_TASK DESCRIPTION:_ Copy the listing exactly, please, and keep every picture out of it.

_DATA SEGMENT:_
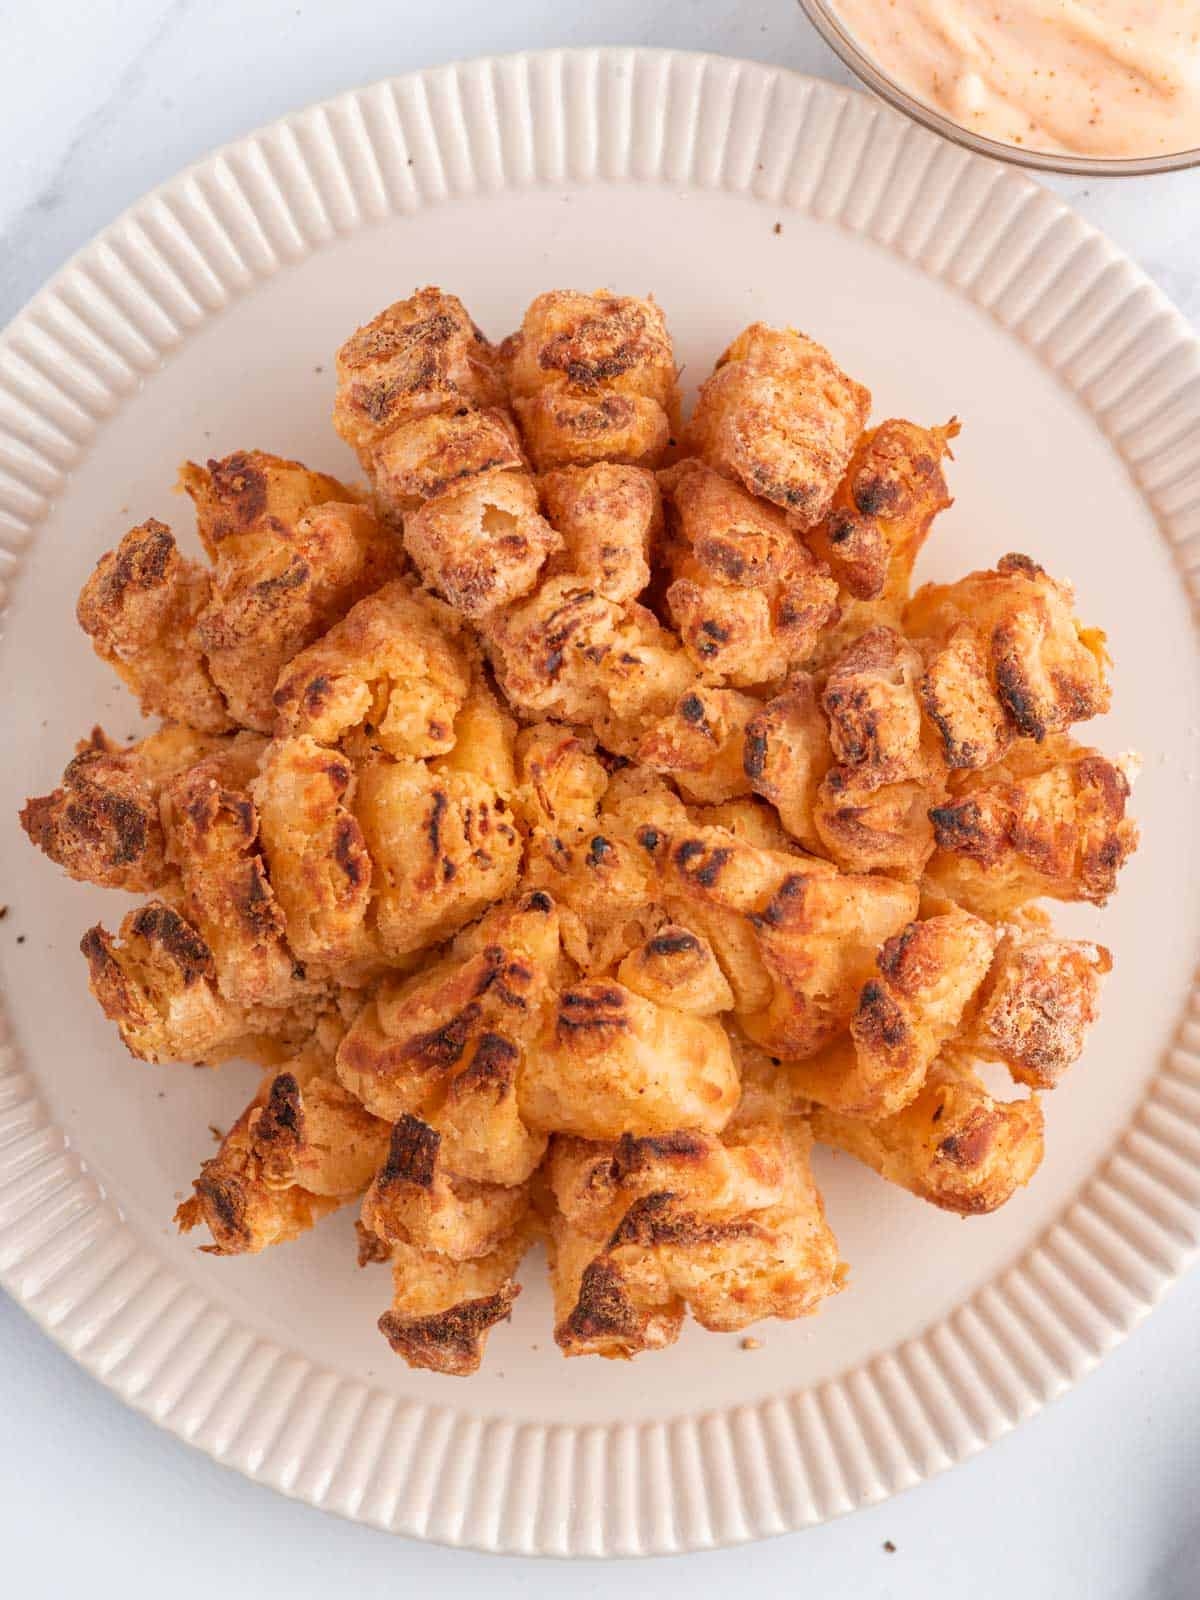 https://www.cookinwithmima.com/wp-content/uploads/2022/12/homemade-bloomin-onion.jpg
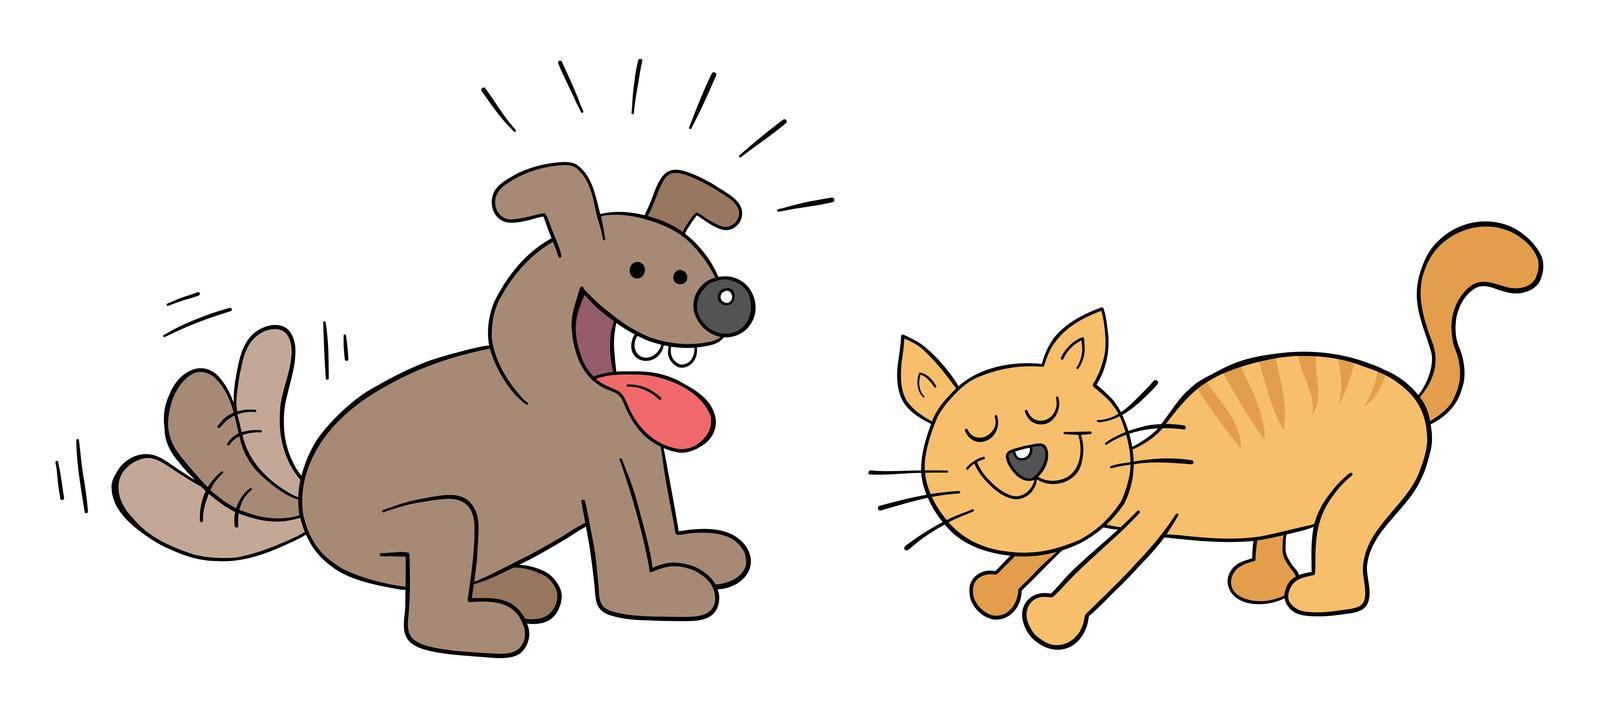 Cartoon happy dog and cat friendship, vector illustration. Colored and black outlines.
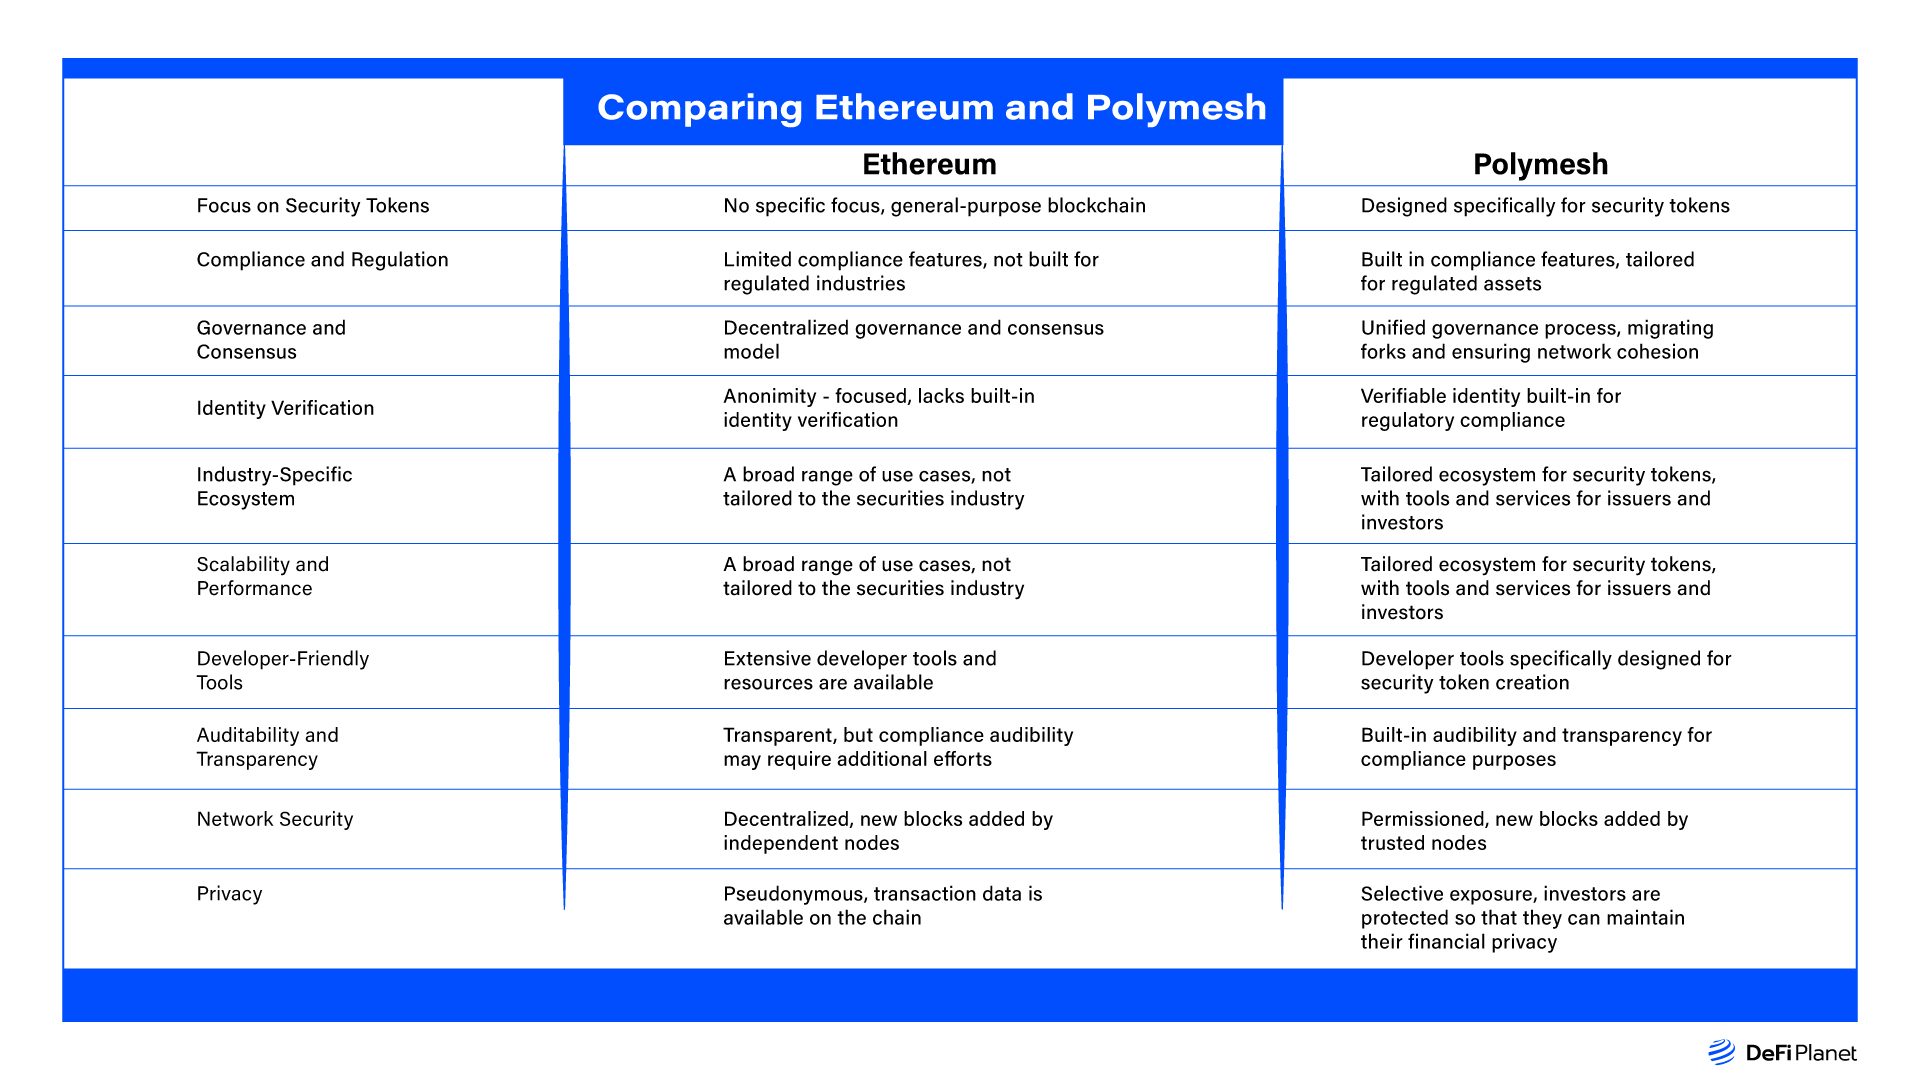 Comparing-Ethereum-And-Polymesh on DeFi Planet
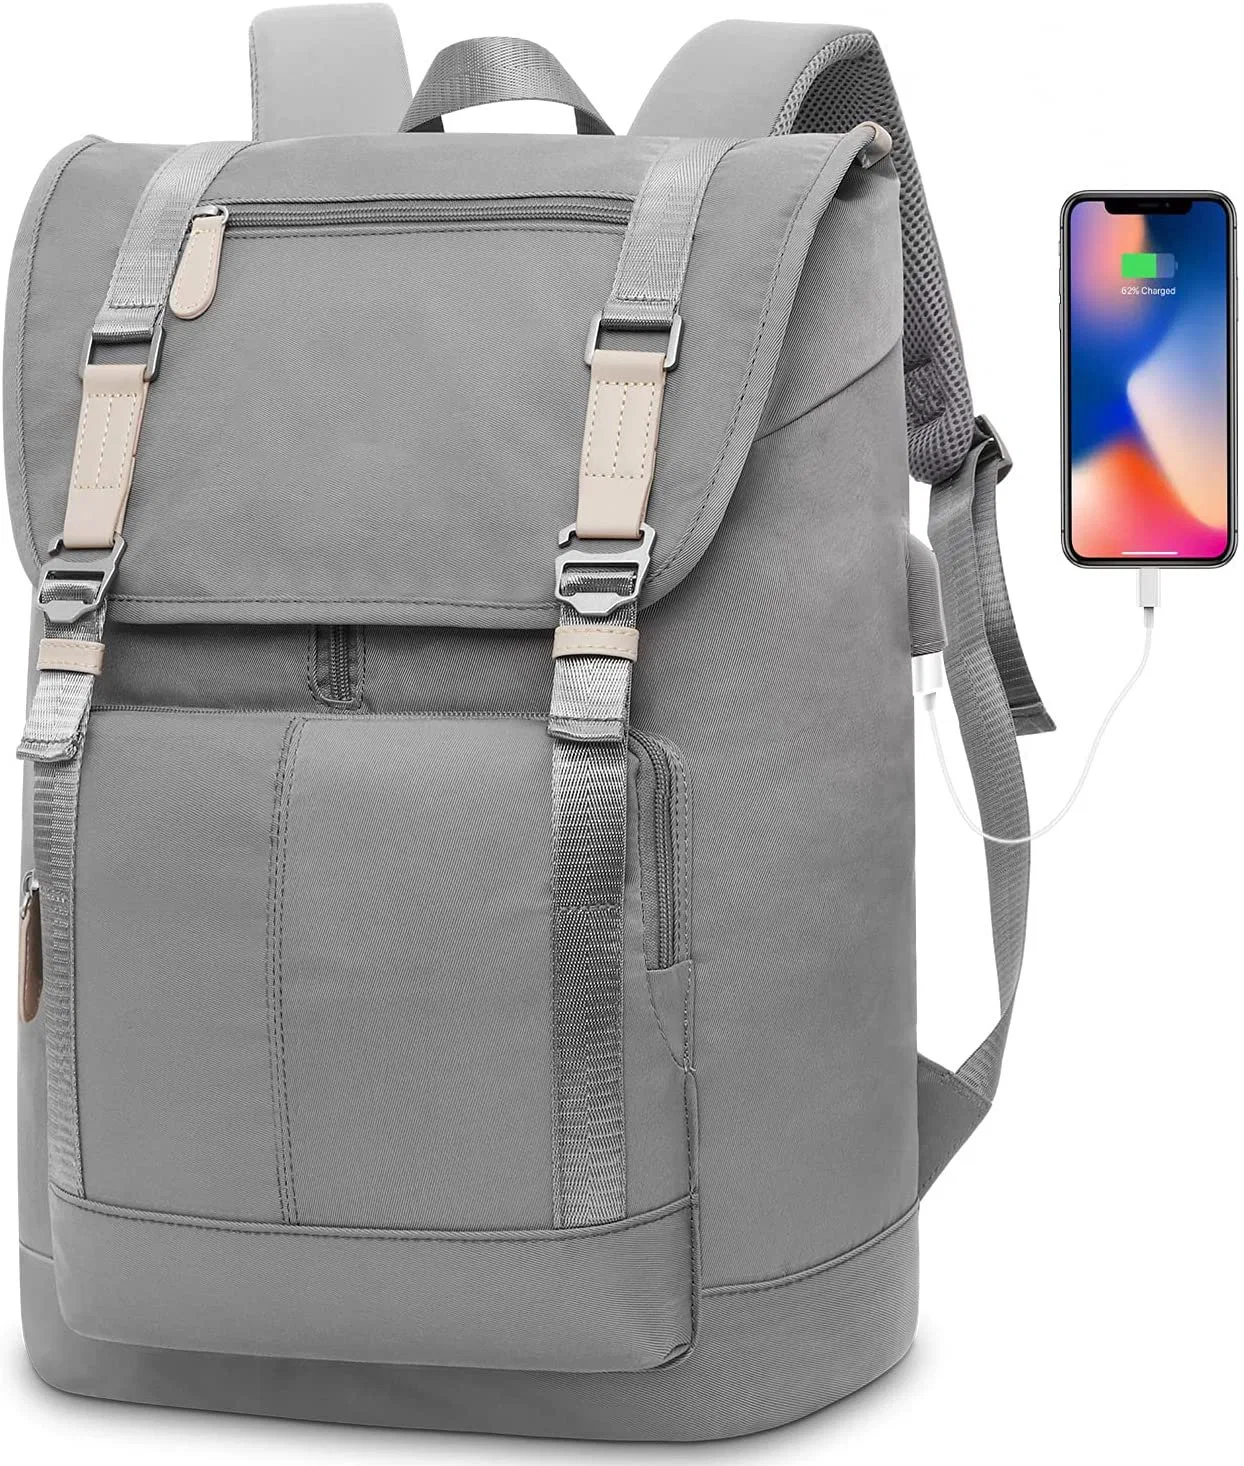 17 Inch Laptop Backpack with USB Charging Port, School Backpack

_EXERCISE SOLUTION:_
 https://www.cookinwithmima.com/wp-content/uploads/2022/12/homemade-bloomin-onion.jpg
 Cartoon happy dog and cat friendship, vector illustration. Colored and black outlines.
 Comparing-Ethereum-And-Polymesh on DeFi Planet
 17 Inch Laptop Backpack with USB Charging Port, School Backpack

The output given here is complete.